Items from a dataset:
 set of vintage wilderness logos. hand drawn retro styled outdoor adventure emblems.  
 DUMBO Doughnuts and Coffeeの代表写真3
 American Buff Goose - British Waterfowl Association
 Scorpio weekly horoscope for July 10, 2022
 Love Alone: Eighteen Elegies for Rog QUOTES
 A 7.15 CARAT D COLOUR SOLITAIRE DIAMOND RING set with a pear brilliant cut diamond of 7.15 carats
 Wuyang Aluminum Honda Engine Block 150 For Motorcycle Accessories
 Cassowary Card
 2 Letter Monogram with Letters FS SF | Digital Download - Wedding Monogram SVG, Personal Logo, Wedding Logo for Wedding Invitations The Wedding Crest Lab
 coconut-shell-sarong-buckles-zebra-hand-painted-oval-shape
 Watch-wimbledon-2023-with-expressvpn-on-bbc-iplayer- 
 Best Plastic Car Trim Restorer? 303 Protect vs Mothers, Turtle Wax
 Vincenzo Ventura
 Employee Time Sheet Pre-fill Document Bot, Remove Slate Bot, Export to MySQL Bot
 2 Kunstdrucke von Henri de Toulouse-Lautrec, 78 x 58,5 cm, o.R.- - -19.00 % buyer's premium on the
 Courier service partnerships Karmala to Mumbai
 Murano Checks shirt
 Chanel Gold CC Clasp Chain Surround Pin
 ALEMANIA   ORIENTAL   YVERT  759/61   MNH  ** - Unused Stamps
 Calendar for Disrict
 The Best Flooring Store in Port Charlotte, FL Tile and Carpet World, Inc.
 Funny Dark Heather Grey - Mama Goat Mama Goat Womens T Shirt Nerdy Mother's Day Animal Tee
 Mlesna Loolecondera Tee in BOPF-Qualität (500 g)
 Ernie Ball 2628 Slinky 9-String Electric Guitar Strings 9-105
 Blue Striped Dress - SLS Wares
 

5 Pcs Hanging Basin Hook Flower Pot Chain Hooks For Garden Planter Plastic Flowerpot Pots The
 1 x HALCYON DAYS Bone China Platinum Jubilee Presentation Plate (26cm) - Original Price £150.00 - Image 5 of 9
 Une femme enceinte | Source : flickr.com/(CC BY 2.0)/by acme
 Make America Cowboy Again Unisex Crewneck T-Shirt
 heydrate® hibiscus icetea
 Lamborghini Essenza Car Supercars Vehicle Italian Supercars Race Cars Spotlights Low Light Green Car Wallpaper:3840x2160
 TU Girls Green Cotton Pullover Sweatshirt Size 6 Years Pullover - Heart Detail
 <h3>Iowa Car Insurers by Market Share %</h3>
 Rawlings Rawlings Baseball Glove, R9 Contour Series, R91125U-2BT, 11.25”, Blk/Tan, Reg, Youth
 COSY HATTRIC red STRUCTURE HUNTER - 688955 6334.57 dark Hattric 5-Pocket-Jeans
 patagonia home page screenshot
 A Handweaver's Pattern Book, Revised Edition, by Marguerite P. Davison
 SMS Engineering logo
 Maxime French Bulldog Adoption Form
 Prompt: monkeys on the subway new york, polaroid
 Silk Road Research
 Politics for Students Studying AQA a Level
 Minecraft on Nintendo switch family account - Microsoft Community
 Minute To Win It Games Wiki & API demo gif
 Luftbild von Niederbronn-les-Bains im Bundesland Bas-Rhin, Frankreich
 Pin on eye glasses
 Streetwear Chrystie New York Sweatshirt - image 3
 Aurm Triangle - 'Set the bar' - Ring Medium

» **Description of the task**
An exact copy of the lines above, from the one containing "Blue Striped Dress - SLS Wares" down to the one containing "Rawlings Rawlings Baseball" and including both, is the whole answer; retype it and nothing else.

» **Answer space**
 Blue Striped Dress - SLS Wares
 

5 Pcs Hanging Basin Hook Flower Pot Chain Hooks For Garden Planter Plastic Flowerpot Pots The
 1 x HALCYON DAYS Bone China Platinum Jubilee Presentation Plate (26cm) - Original Price £150.00 - Image 5 of 9
 Une femme enceinte | Source : flickr.com/(CC BY 2.0)/by acme
 Make America Cowboy Again Unisex Crewneck T-Shirt
 heydrate® hibiscus icetea
 Lamborghini Essenza Car Supercars Vehicle Italian Supercars Race Cars Spotlights Low Light Green Car Wallpaper:3840x2160
 TU Girls Green Cotton Pullover Sweatshirt Size 6 Years Pullover - Heart Detail
 <h3>Iowa Car Insurers by Market Share %</h3>
 Rawlings Rawlings Baseball Glove, R9 Contour Series, R91125U-2BT, 11.25”, Blk/Tan, Reg, Youth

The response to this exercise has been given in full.